ACTION ITEM
Reproduce only what runs from the line containing "Precision Engineering drill" to the line containing "Drop-In Volunteering Logo" in the records below, inclusive. Keep it exact, and keep the pictures out.

RECORDED DATA
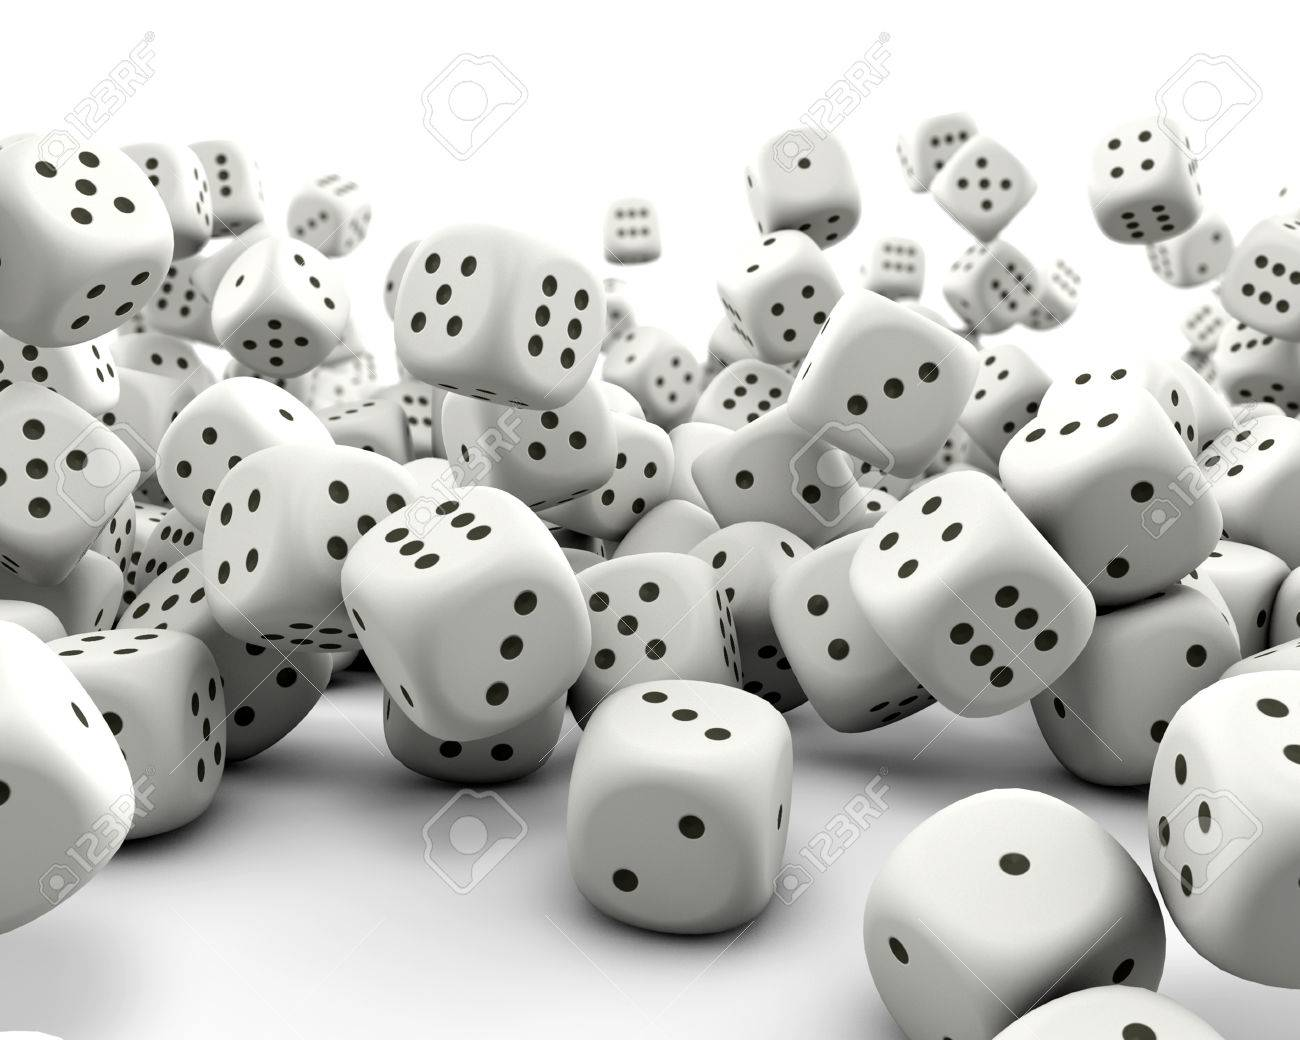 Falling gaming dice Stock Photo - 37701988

==

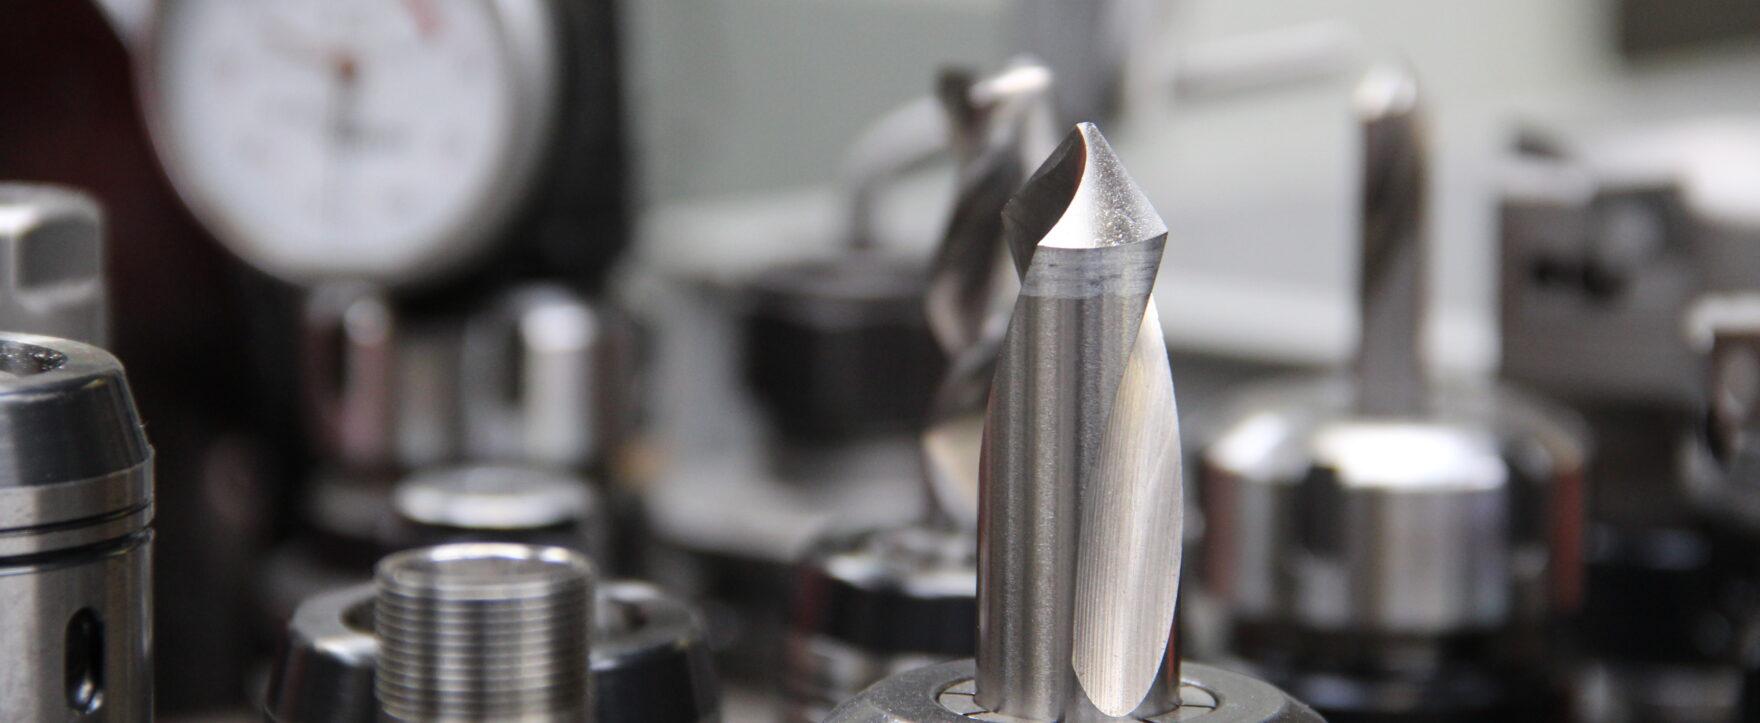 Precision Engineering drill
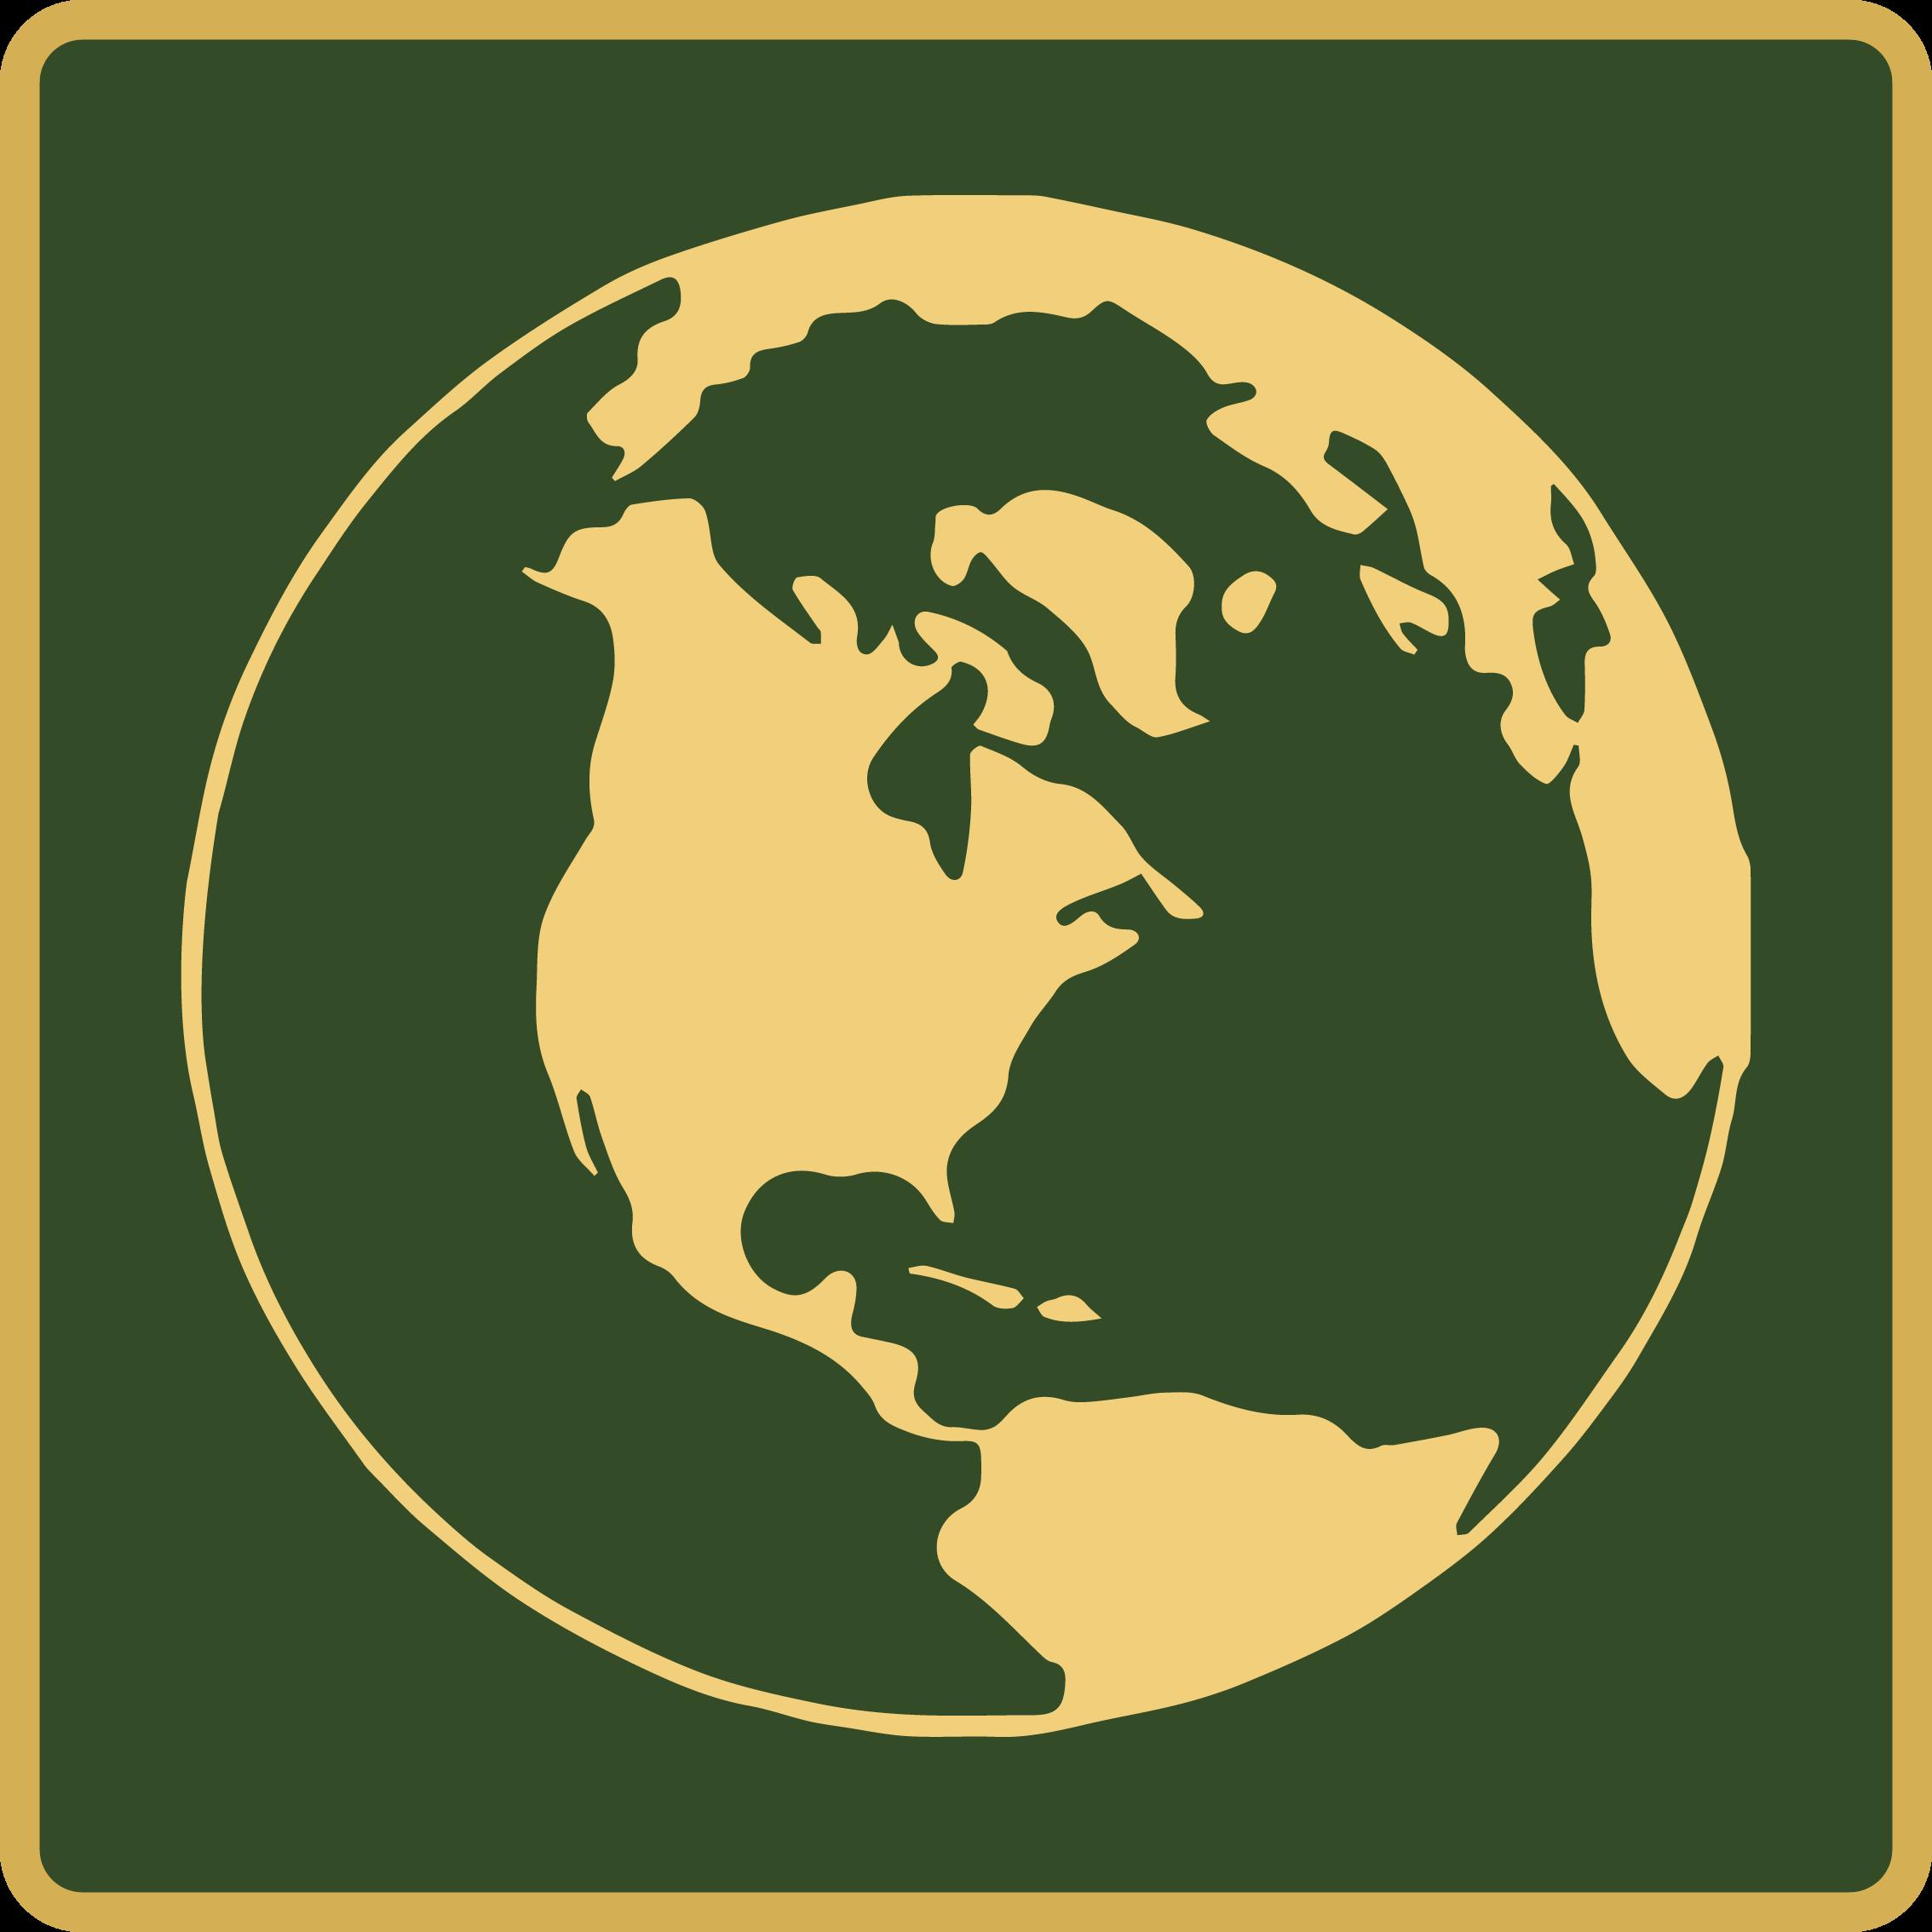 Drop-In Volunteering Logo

REPLY
 Precision Engineering drill
 Drop-In Volunteering Logo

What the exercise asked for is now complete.